Hanyang Yu, Bing Jiang, John C. Chaput

Research output: Contribution to journalArticlepeer-review

14 Scopus citations


Aptamers are single-stranded nucleic acids that fold into stable three-dimensional structures with ligand binding sites that are complementary in shape and charge to a desired target. Aptamers are generated by an iterative process known as in vitro selection, which permits their isolation from pools of random sequences. While aptamers have been selected to bind a wide range of targets, it is generally thought that these molecules are incapable of discriminating strongly alkaline proteins due to the attractive forces that govern oppositely charged polymers (e.g., polyelectrolyte effect). Histones, eukaryotic proteins that make up the core structure of nucleosomes are attractive targets for exploring the binding properties of aptamers because these proteins have positively charged surfaces that bind DNA through noncovalent sequence-independent interactions.
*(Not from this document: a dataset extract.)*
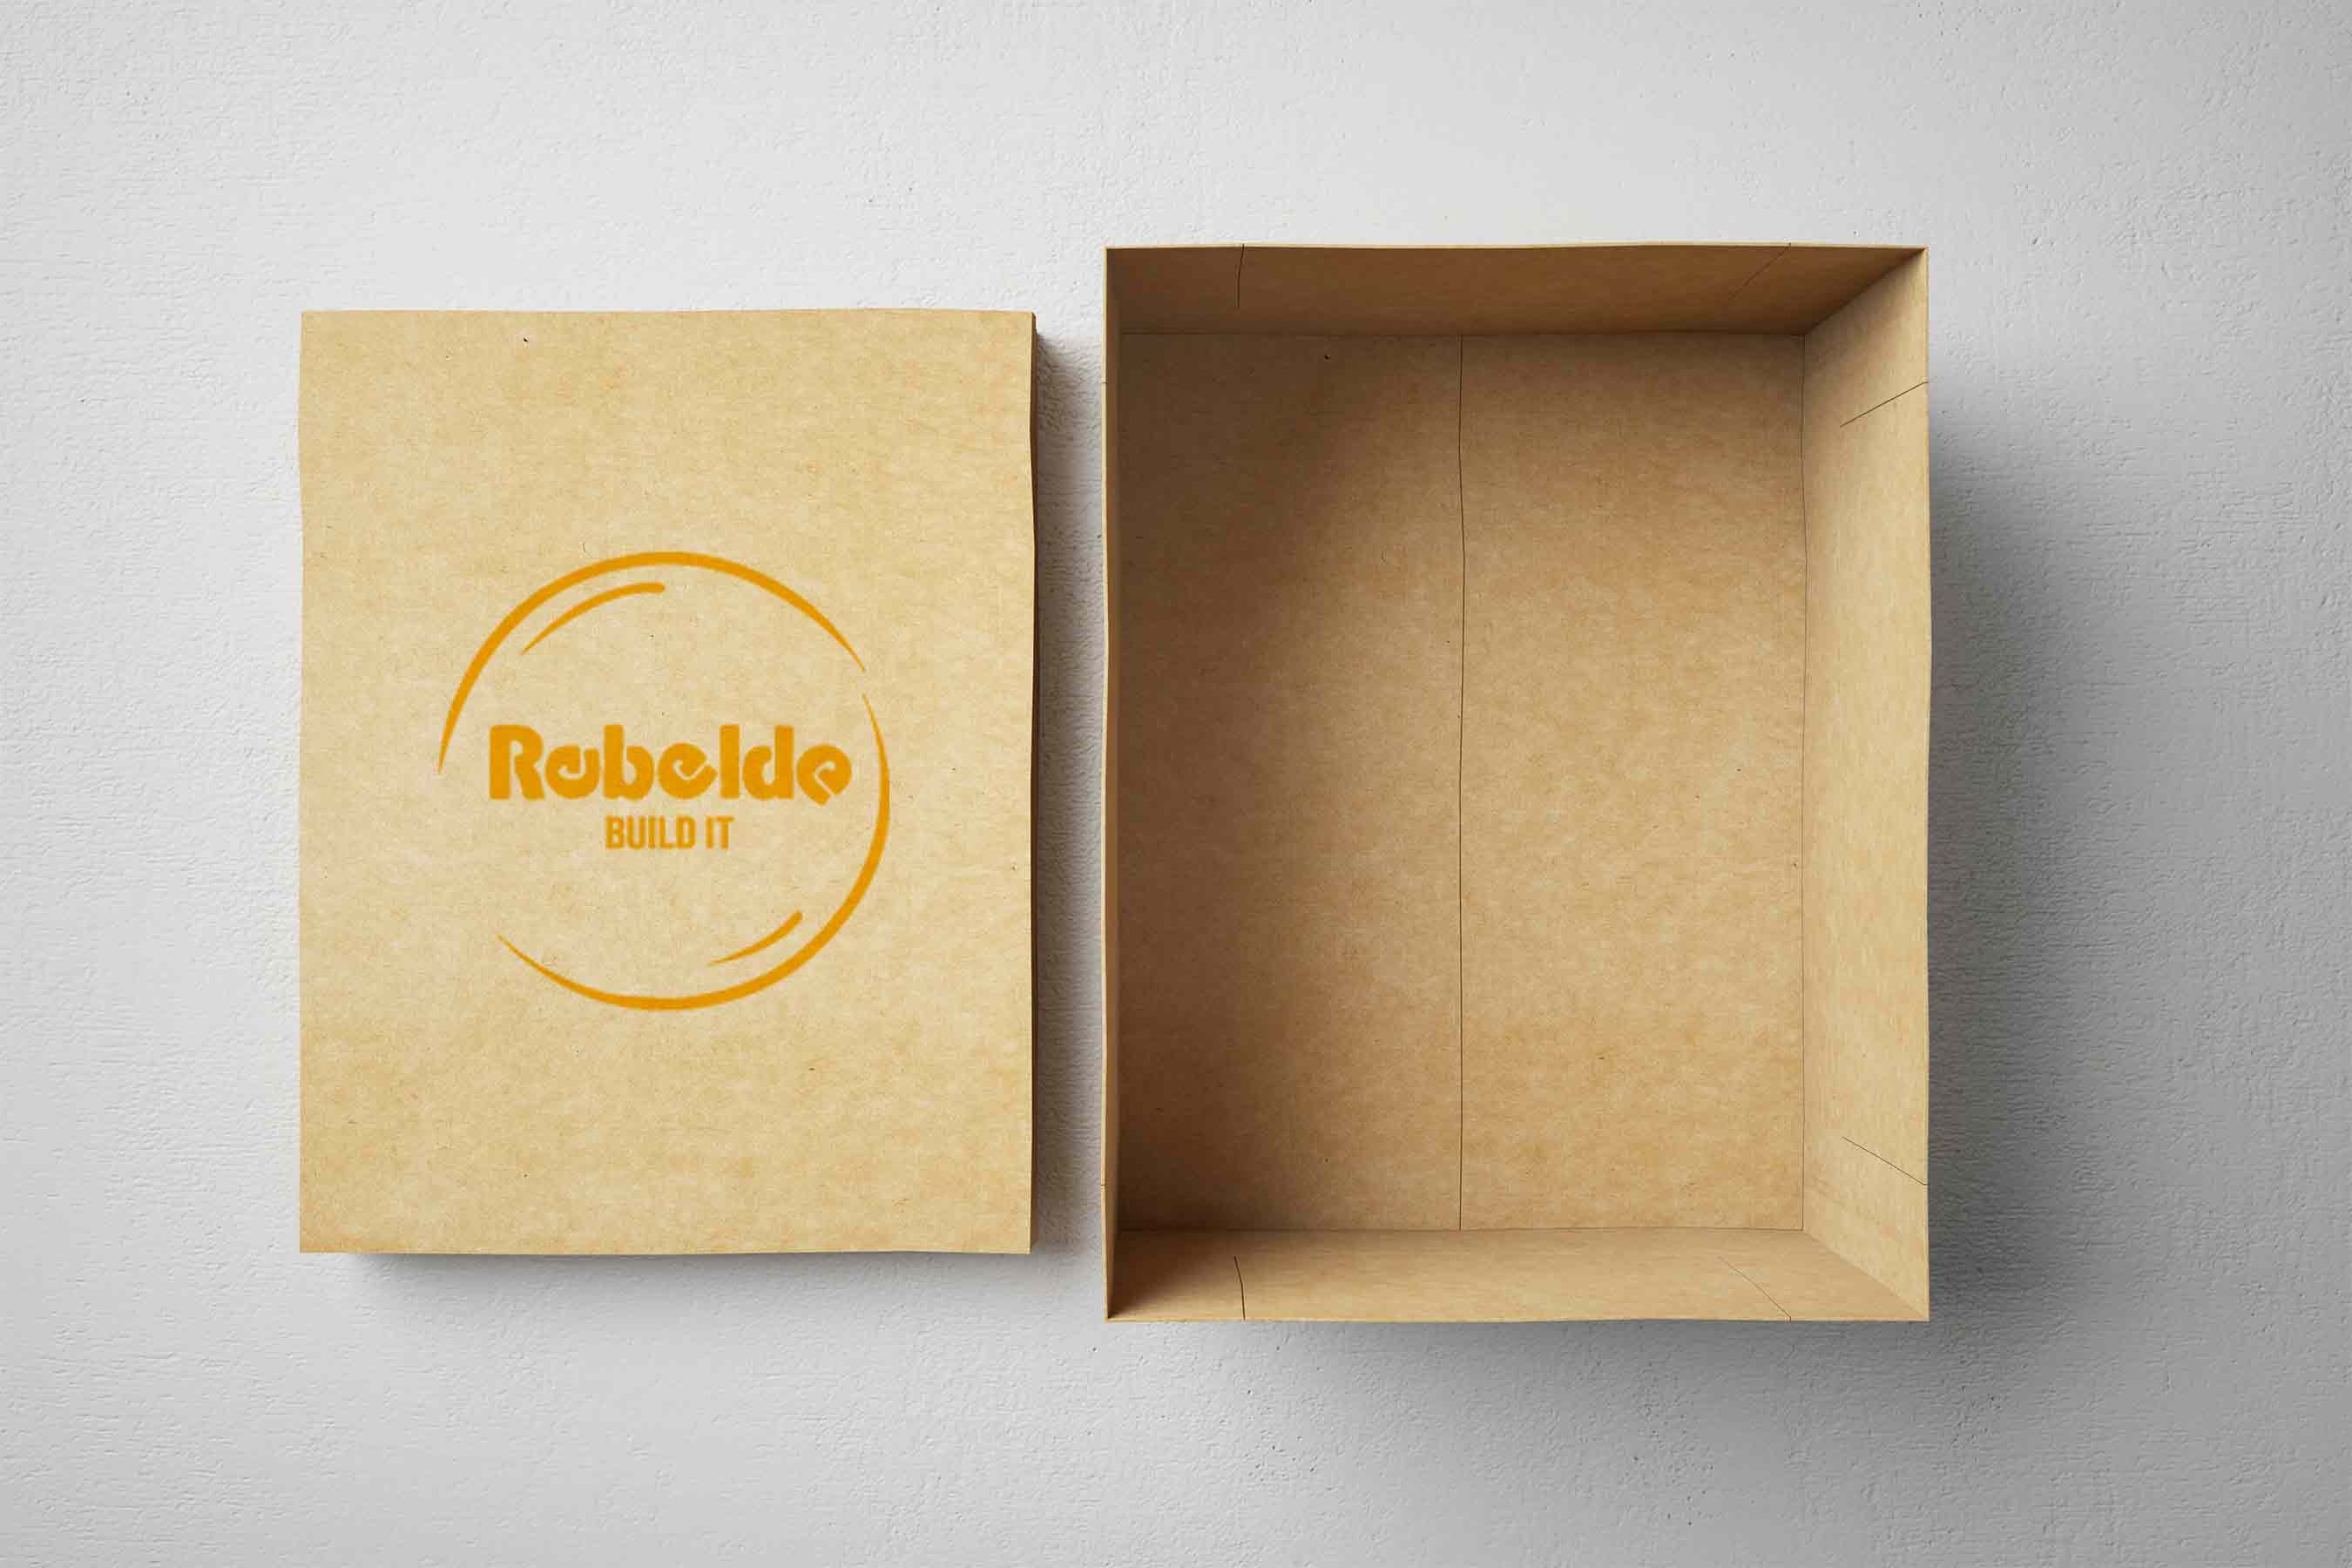 Kartons für den personalisierten Versand mit Aufdruck – Rebelde Build Es

Previous selections by our lab and others have yielded DNA aptamers with high affinity but low specificity to individual histone proteins. Whether this is a general limitation of aptamers is an interesting question with important practical implications in the future development of protein affinity reagents. Here we report the in vitro selection of a DNA aptamer that binds to histone H4 with a K d of 13 nM and distinguishes other core histone proteins with 100 to 480-fold selectivity, which corresponds to a ΔΔG of up to 3.4 kcalmol -1. This result extends our fundamental understanding of aptamers and their ability to fold into shapes that selectively bind alkaline proteins.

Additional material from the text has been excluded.